Helpful Wine Tasting Tips for Newbies
Going wine tasting doesn't have to be frustrating or intimidating- it's meant to be a fun experience shared with friends.
Consider hiring a designated driver. They can not only help you gain valuable knowledge about the region and be your tour guide, but they also allow you to soak in the full beauty of the region while you are touring about. Plus during summer months, they can keep the car cool, have chilled water ready and some will even setup a private picnic for you.
Refrain from wearing heavily-scented items, such as body sprays, perfumes and heavy lotions. Leave the lipstick at home as it will effect your senses, but no one really likes to wash lipstick-lined wine glasses. Allow the day to be filled with the aromas of the wines and worry less about how you look!
Each region you visit will be best known for a couple of varietals, but possibly not the varietals you are accustomed to. This gives you an opportunity to explore varietals that are unfamiliar to you and possibly open up your palette for others. And if you are adamant to drink Cabernet Sauvignon or Pinot Noir, this may ultimately sway the regions you visit as those may not be the types of grapes that are best grown in the terroir or climate you are visiting.
Local Insider's Tip
Get to know your host as they can be a valuable resource while you are tasting and the next time you are planning your visit. If you are really nice, they may even offer to help you put an extra-special experience should you be celebrating an anniversary, honeymoon, 50th birthday and other special occasions.
Ask your host questions! Ask them what are their favorite wines, get to know the history of the property and their of course their local recommendations for other places to visit. Your host is proud to live in the area and serve the wines in front of you, and they will absolutely love to share their knowledge of wine with others- and other things to do in the area. Just don't let your questions interrupt their presentation as some questions may be answered during your tasting or tour. When your tasting or tour is over, ask your host recommendations of where to have lunch, dinner, activities to check out or where to stay.
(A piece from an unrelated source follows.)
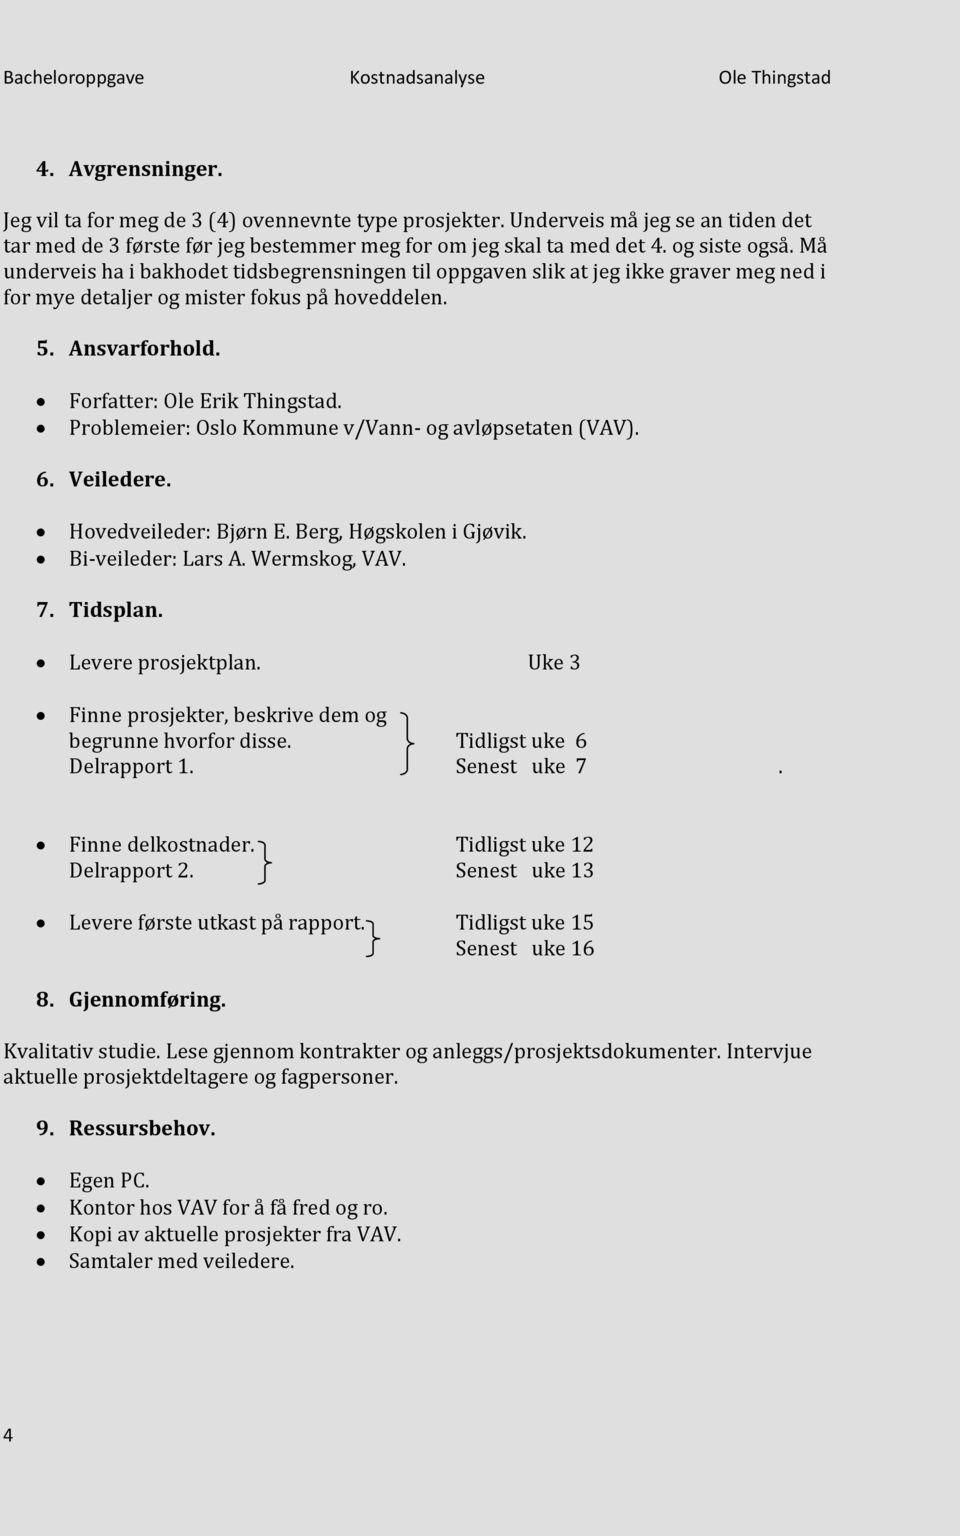 Problemeier: Oslo Kommune v/vann- og avløpsetaten (VAV). 6. Veiledere. Hovedveileder: Bjørn E. Berg, Høgskolen i Gjøvik. Bi-veileder: Lars A. Wermskog, VAV. 7. Tidsplan. Levere prosjektplan.

Don't be afraid to use the dump buckets, yes those canisters that are sitting on the counter are not for flowers, they are to make sure you don't over sample while wine tasting. If you don't like the wine, you don't have to make a funny face, simply pour your glass out into the "bucket" and move onto the next one- no one will be offended. Most tasting rooms offer a pitcher of water, this can be used to "clear" your glass between each pour, or to hydrate yourself as you enjoy.
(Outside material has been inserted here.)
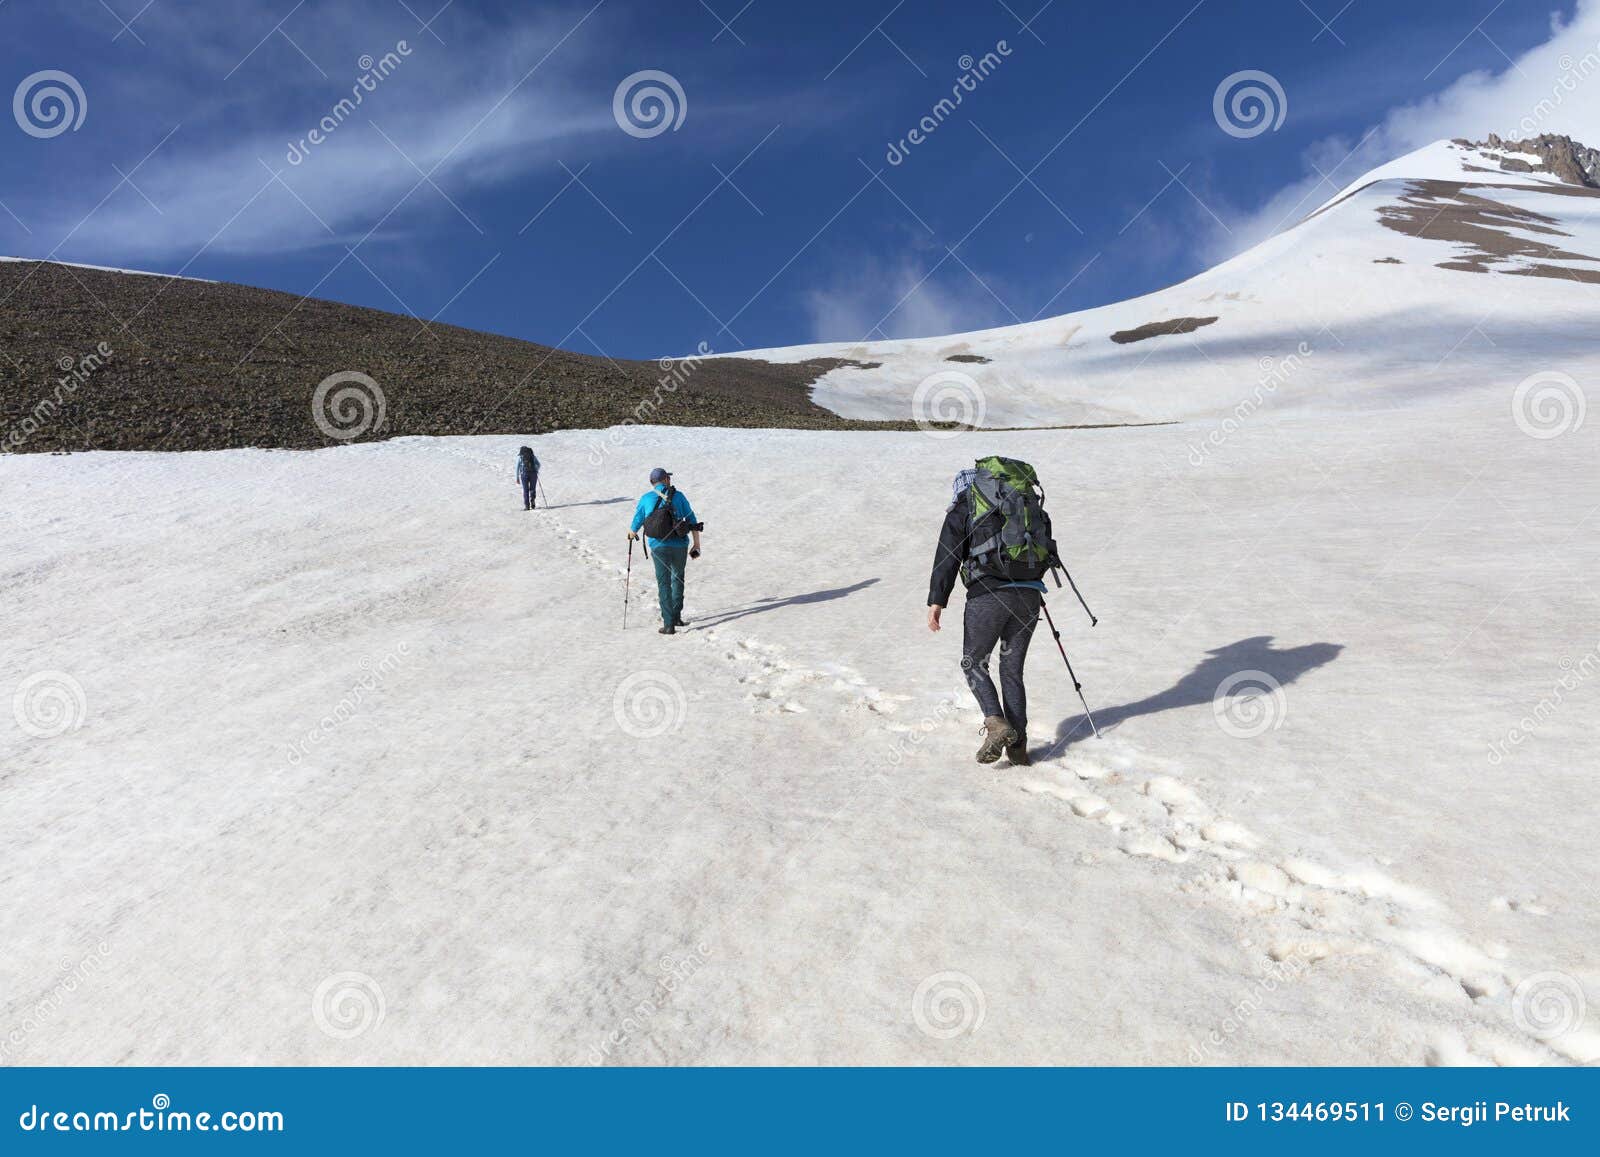 Οι τουρίστες ανέρχονται επάνω mountainside στη χιονοσκεπή σύνοδο κορυφής. Μια ομάδα τουριστών με τα σακίδια πλάτης πηγαίνει σε ένα χιονώδες βουνό

If you can visit wine country on the weekend, do it! You'll find that it will be easier to book your preferred tasting experience and time, plus you'll feel like you own the place as there will be plenty of elbow room for all. Plus, hotels are always offering mid-week stay packages, so you'll save some money, too!
Think beyond just wine tastings. The region you are visiting is known for many other things like backpacking, cycling, rafting, fishing, culinary adventures and most likely so much more. Our website provides links to learn more about the region such as travel-related recommendations, weather and other activities and information that are available in the region.
Last, but by far not the least, be sure you have fun! Don't take it all too seriously or it will totally wreck your vacation. You are here to explore, learn about the region and above all, R-E-L-A-X! Remember that wine is to be enjoyed and learned at your own personal level and pace- there's no rush. Event some of the best Sommeliers take their whole career to fully understand the intricacies of wine. Drink what you like and enjoy with others.